Every line from the one with "Best Christmas Gift" to the end of the entries, both included, is to be copied exactly; the other lines stay out.

AVAILABLE DATA —
────
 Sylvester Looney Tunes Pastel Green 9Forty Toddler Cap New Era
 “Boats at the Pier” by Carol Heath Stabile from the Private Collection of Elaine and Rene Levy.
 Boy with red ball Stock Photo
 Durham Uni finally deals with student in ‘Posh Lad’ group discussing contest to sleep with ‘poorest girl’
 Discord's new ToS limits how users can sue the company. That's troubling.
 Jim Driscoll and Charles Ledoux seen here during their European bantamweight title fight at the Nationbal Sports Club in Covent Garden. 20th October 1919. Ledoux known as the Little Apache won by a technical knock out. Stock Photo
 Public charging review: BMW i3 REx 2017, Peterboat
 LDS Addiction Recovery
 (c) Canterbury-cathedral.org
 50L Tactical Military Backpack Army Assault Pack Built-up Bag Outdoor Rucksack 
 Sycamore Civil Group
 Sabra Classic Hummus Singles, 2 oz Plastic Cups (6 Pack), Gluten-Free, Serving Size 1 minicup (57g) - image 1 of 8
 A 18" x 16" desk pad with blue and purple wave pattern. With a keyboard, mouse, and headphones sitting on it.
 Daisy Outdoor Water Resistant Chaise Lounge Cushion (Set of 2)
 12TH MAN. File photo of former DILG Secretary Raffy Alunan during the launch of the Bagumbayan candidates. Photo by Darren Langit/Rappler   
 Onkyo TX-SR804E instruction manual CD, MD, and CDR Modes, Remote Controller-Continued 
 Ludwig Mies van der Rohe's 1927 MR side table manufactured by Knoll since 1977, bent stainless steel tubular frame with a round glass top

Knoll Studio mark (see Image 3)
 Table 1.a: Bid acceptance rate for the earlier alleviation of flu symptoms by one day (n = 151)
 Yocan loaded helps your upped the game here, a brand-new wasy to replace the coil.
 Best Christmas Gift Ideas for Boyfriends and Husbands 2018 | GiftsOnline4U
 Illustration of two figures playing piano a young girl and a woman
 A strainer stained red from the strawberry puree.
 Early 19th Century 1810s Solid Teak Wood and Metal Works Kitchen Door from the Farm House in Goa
────
ANSWER BOX —
 Best Christmas Gift Ideas for Boyfriends and Husbands 2018 | GiftsOnline4U
 Illustration of two figures playing piano a young girl and a woman
 A strainer stained red from the strawberry puree.
 Early 19th Century 1810s Solid Teak Wood and Metal Works Kitchen Door from the Farm House in Goa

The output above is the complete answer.